_REQUIREMENT_. Return an exact copy of the lines from the one holding "Neymar sofre falta" to the end of the data, including both the starting and final lines. Leave the pictures out.

_SUPPLIED DATA_.
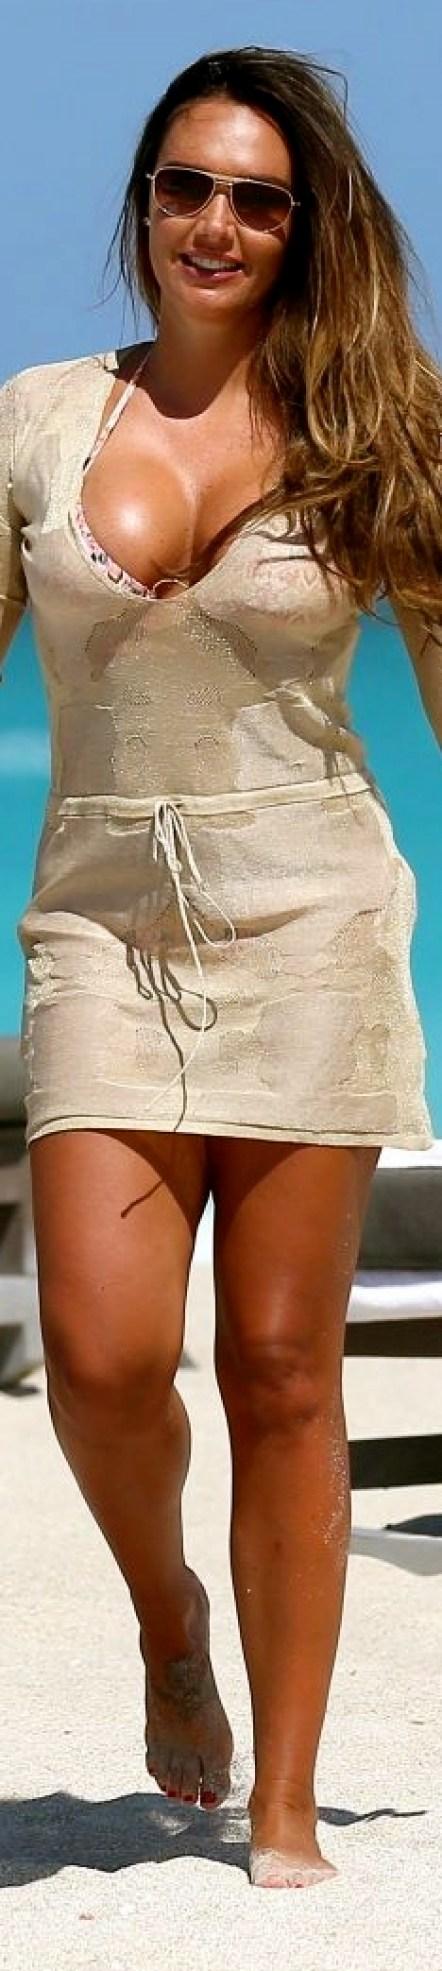 Hot-trend-Beachwear-1
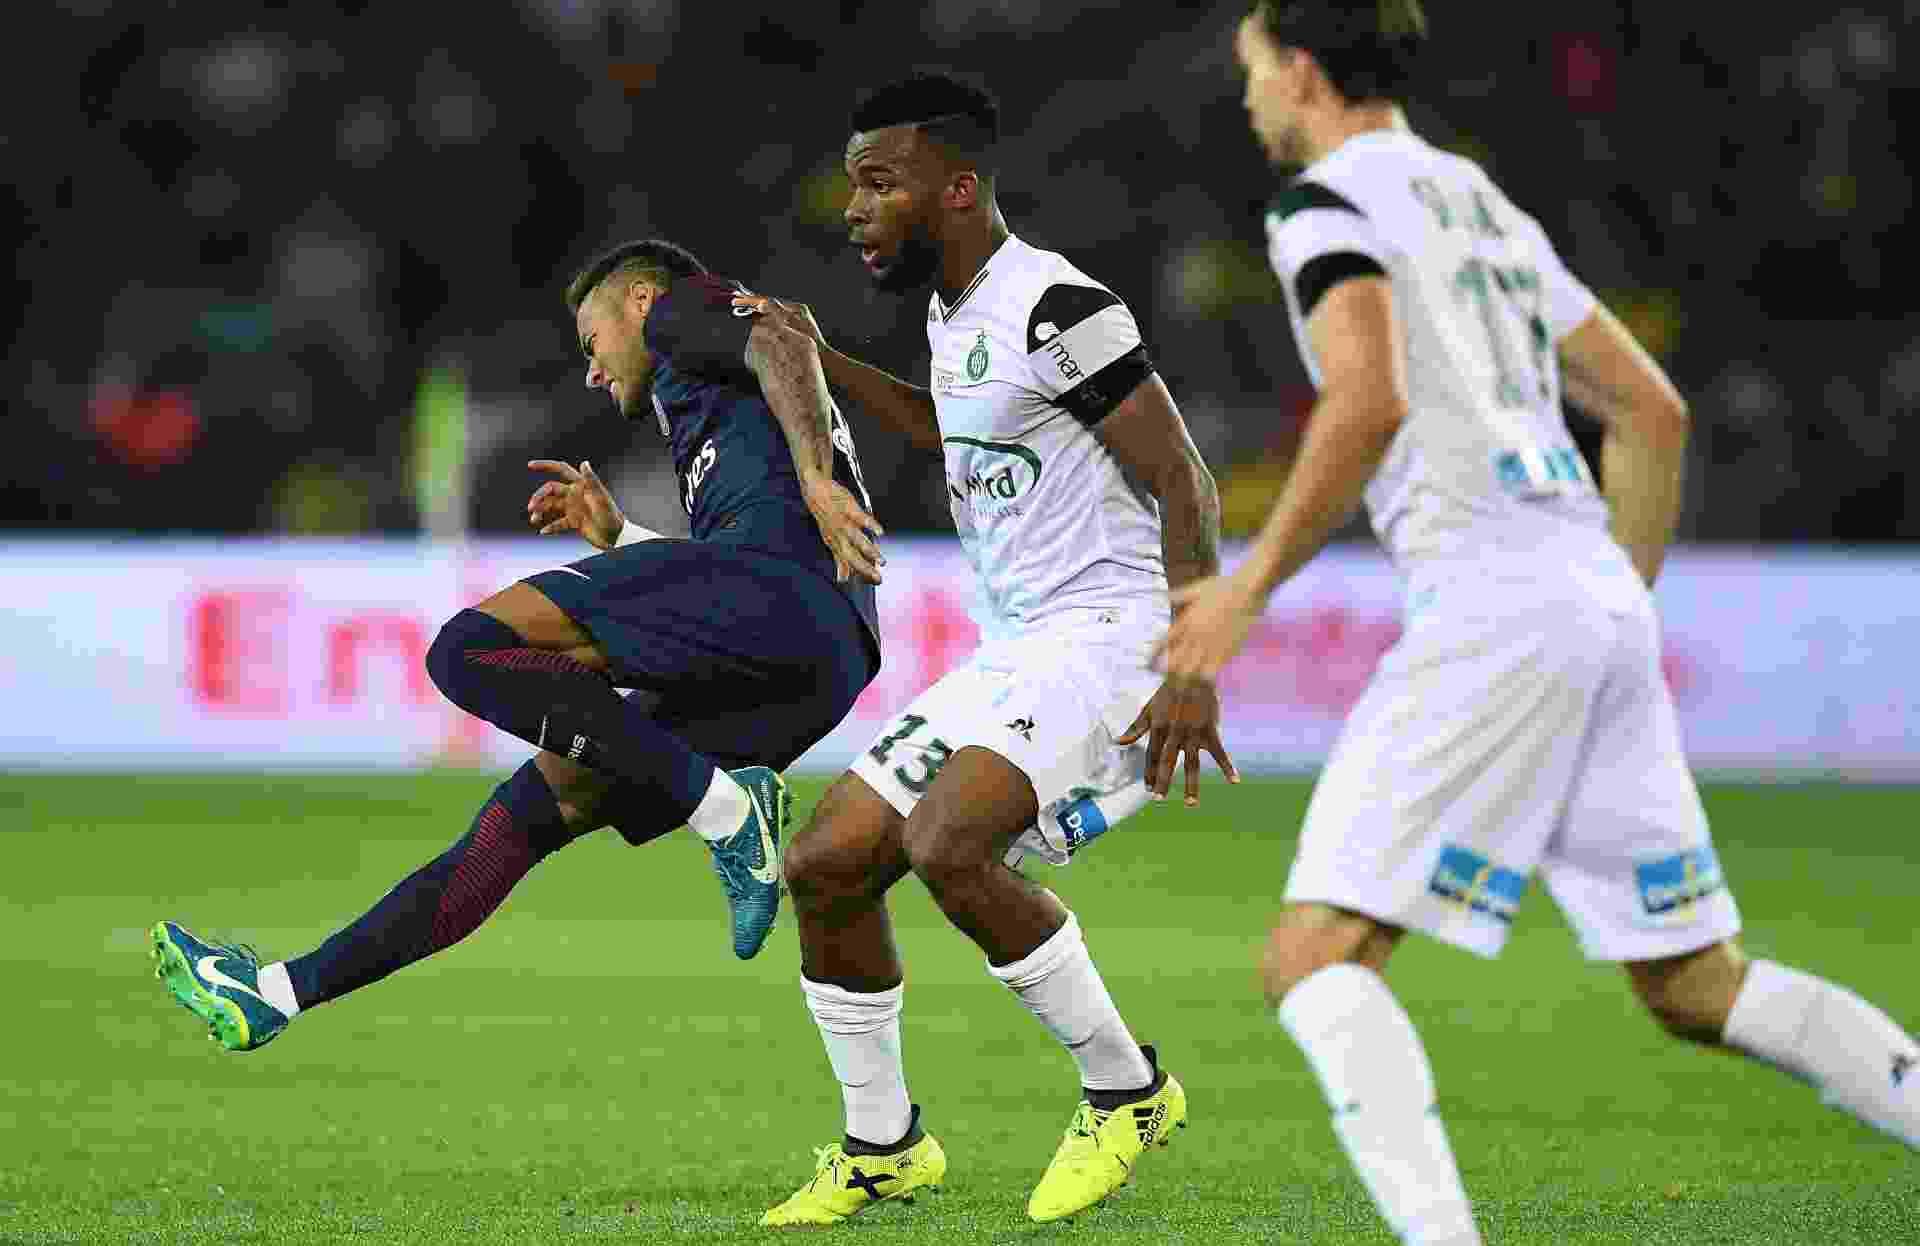 Neymar sofre falta cometida por Habib Manga em Paris Saint-Germain x Saint-Etienne - Franck Fife/AFP
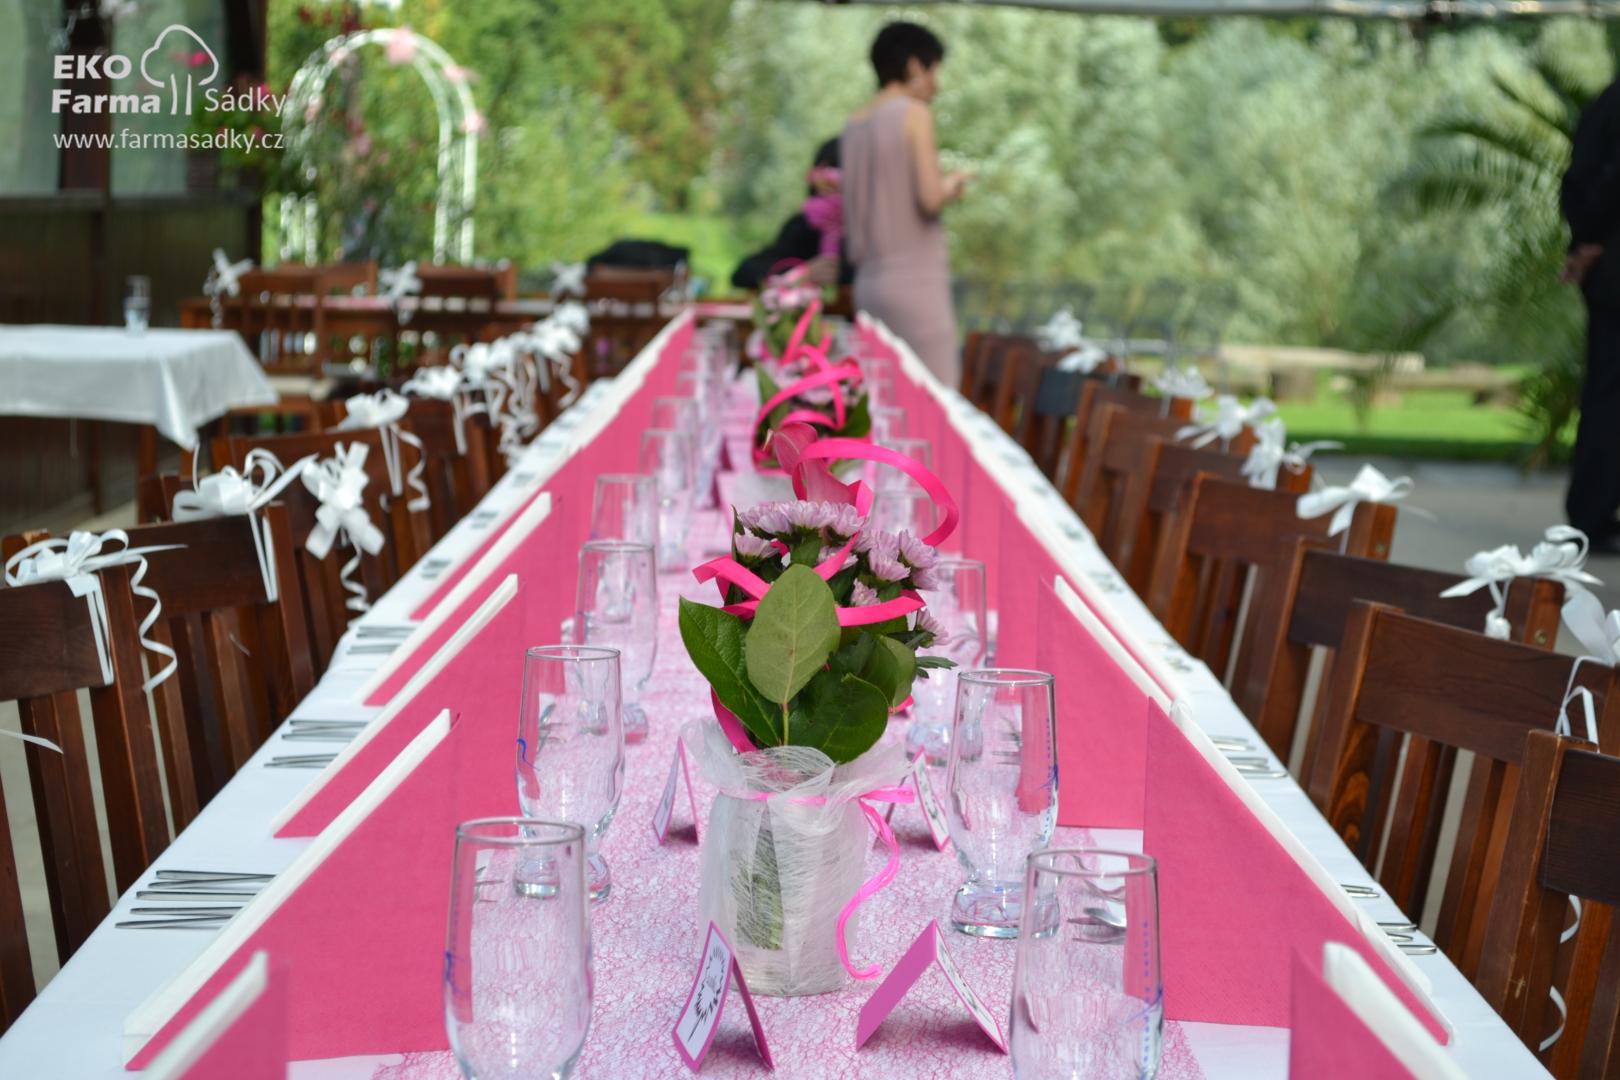 Svatba V Ruzove Barve Inspirace Agropenzion Sadky

_REPLY_.
 Neymar sofre falta cometida por Habib Manga em Paris Saint-Germain x Saint-Etienne - Franck Fife/AFP
 Svatba V Ruzove Barve Inspirace Agropenzion Sadky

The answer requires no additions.